In terms of dispersion, when comparing the three clusters obtained by the sensors, the cluster associated with internal PD (blue crosses) had the largest variability in the axis associated with the energy of the signals Eb, this variability being more noticeable for the ILS sensor (Figure 3b). Moreover, it was observed that, according to the characteristics of the sensors in terms of gain, the signals captured with the HFCT sensor had higher energy levels (up to 2.5 × 10−5 J) than those signals obtained with the ILS sensor (up to 7.3 × 10−6 J) and the RC sensor (up to 1 × 10−6 J).

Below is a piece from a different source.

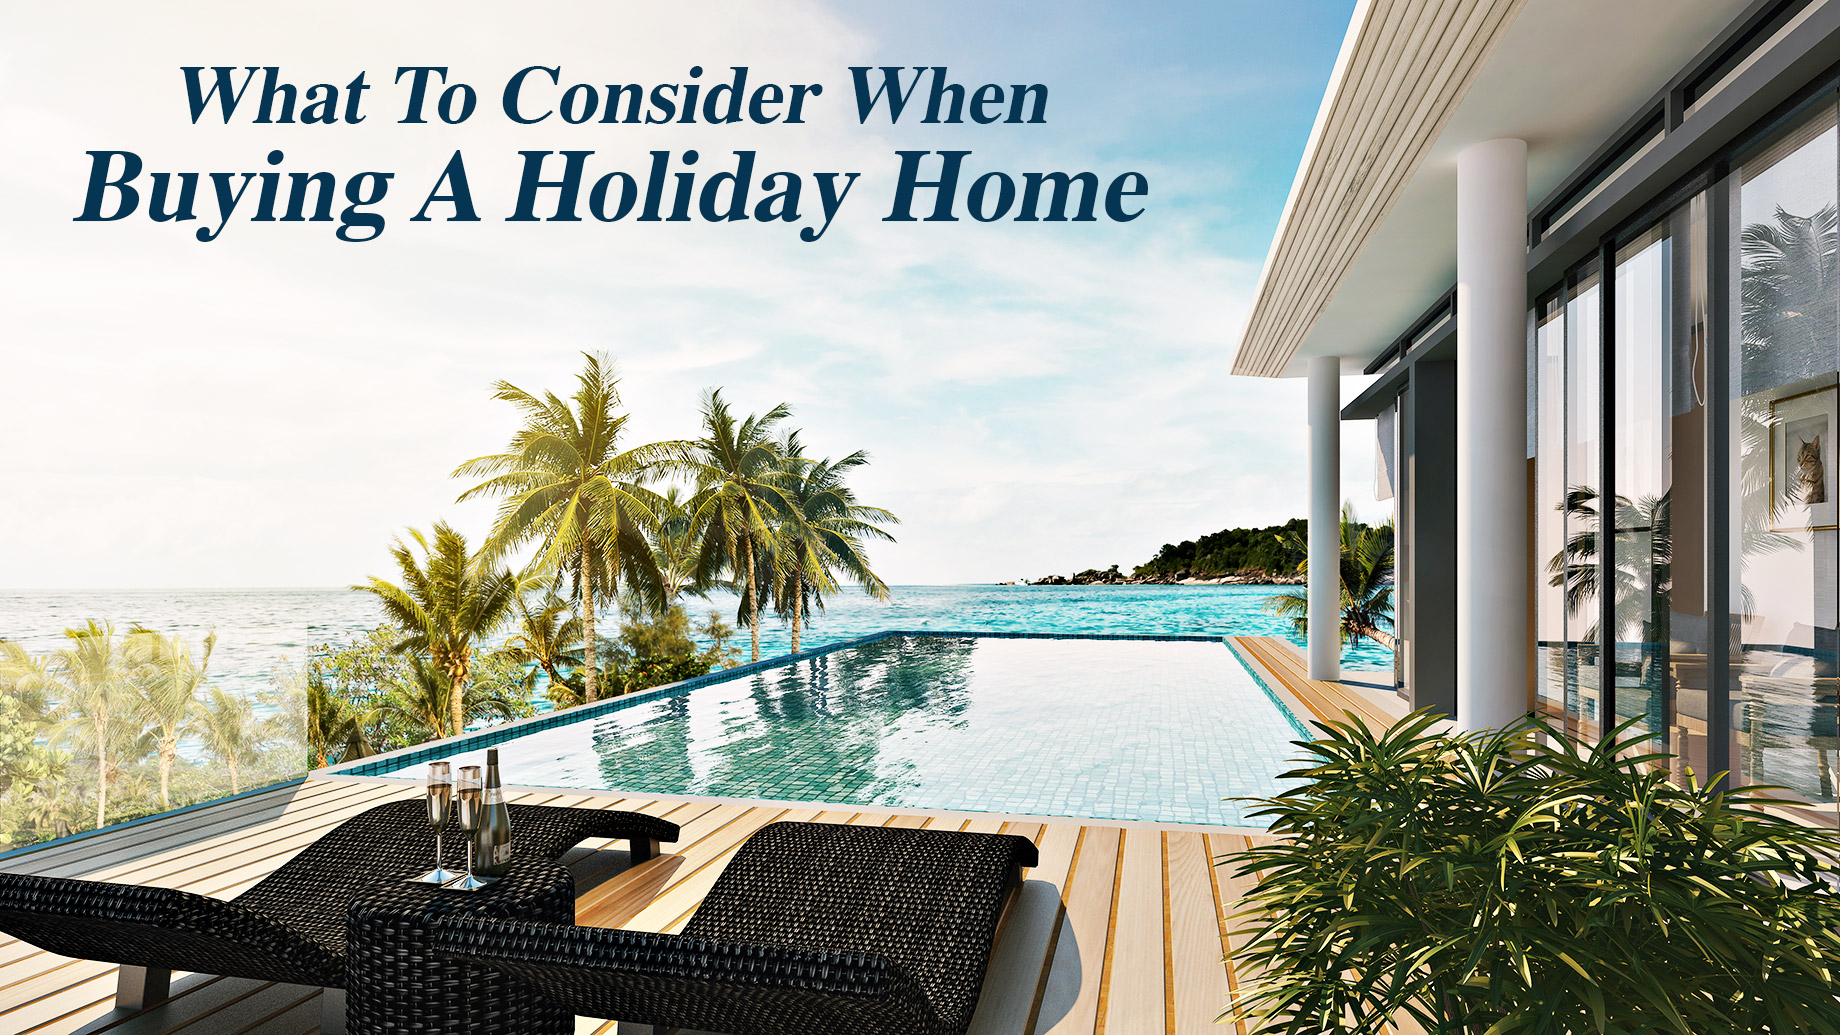 What To Consider When Buying A Holiday Home

It should be noted that, for all sensors, the shape and location of the clusters associated with the same source will not always be the same if any parameter of the measurement circuit, including the equivalent capacitance of the test object or the type of sensor, varies during the acquisition. For example, for the test object that created internal PD (sheets of NOMEX with cylindrical vacuole), when the size of the vacuole increased or decreased, or when the number of sheets or the type of isolation were changed, the cluster associated with this type of source had a different form and position in the map. This behavior has been documented in our previous work [16], where the separation and clustering techniques were based on the extraction of information from the spectral and temporal content of the measured signals of PD and electrical noise. The variability in clusters due to possible changes in the test objects or the measurement circuit itself confirmed that it is not possible to perform source identification by simply evaluating the position or shape of a cluster in the separation map. However, this situation does not affect the main contribution of this article, which is based on clustering and separating sources of partial discharge by applying the chromatic technique, in order to improve the subsequent identification process, either by an expert or by an intelligent identification system.

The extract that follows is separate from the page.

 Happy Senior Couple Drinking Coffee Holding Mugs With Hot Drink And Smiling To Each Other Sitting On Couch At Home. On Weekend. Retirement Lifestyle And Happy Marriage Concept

Evaluation of ωc, B, and Eb parameters for different types of PD: In order to evaluate which of the three parameters used in the chromatic technique (ωc, B, and Eb) allowed a better characterization of the type of PD source, the value of these parameters was obtained for all signals recorded with the three sensors in each of the PD measurements. The results are shown in Figure 4.

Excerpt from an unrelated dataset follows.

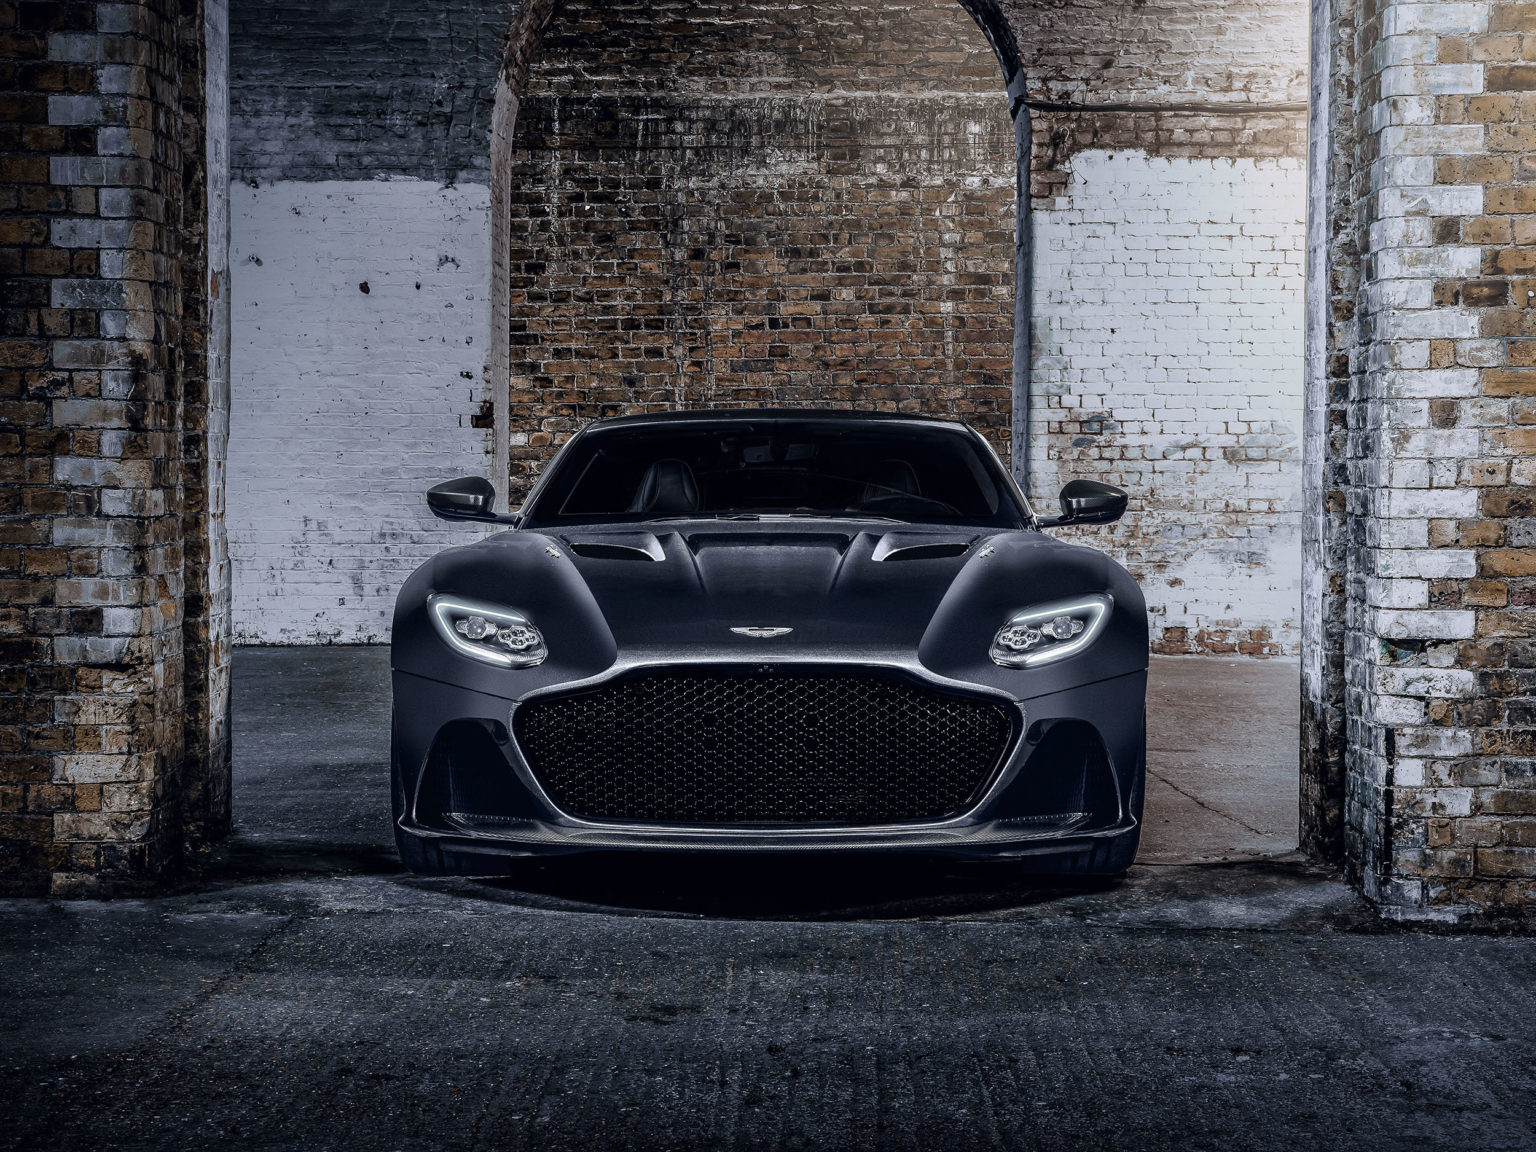 The Aston Martin DBS Superleggera 007 Edition is just one of the new models the company rolled out this year.
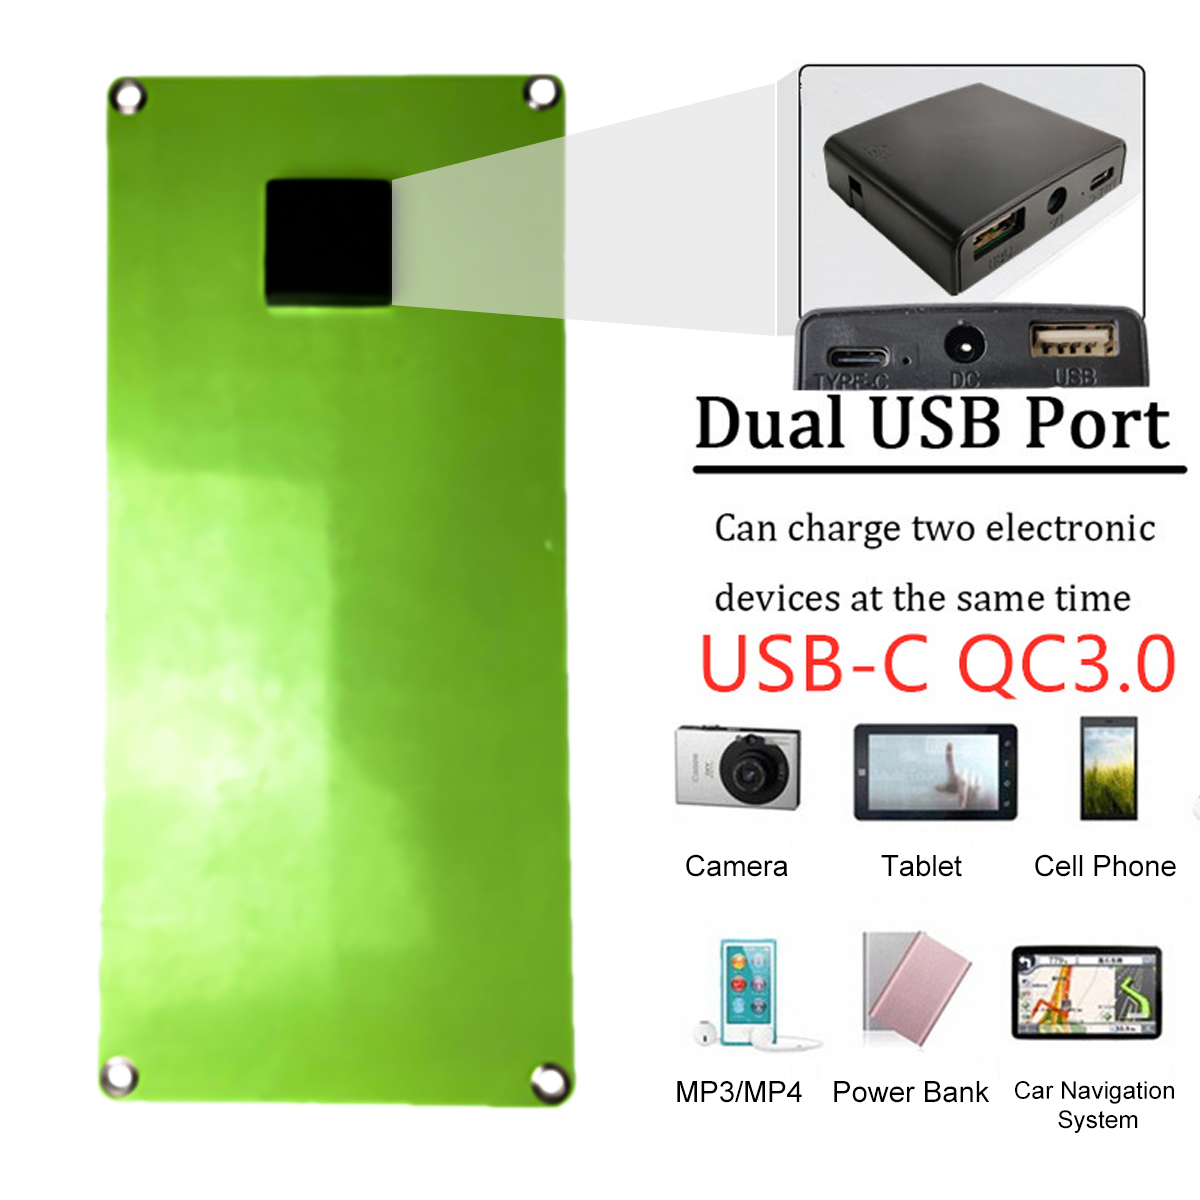 DC-200W-18V-Solar-Panel-Kit-Double-USB-Port-Controller-Power-Bank-Portable-Battery-Charger-for-Outdo-1812074-4

In all the parameters, PD sources were represented with the same colors of Figure 3, aiming to identify the degree of similarity and/or variability that each parameter had in relation to a specific PD source type.
Figure 4a shows that the parameters ωc and B in the HFCT were those that best characterized the type of PD source, besides presenting a lower variability in the values obtained in all PD pulses (by obtaining low dispersion values in the parameters of the separation map, less dispersed clusters can be achieved, facilitating the selection of the cluster when the representation of its PRPD is required for the subsequent identification process). For the case of the parameter Eb, there was no clear difference between the three types of PD sources.
A similar trend in the three parameters for ILS (Figure 4b) and RC (Figure 4c) was also obtained, where Eb was the least representative parameter when the PD source was differentiated (in addition to having the largest dispersion). Thus, the parameters ωc and B resulted to be better suited for the characterization of PD source.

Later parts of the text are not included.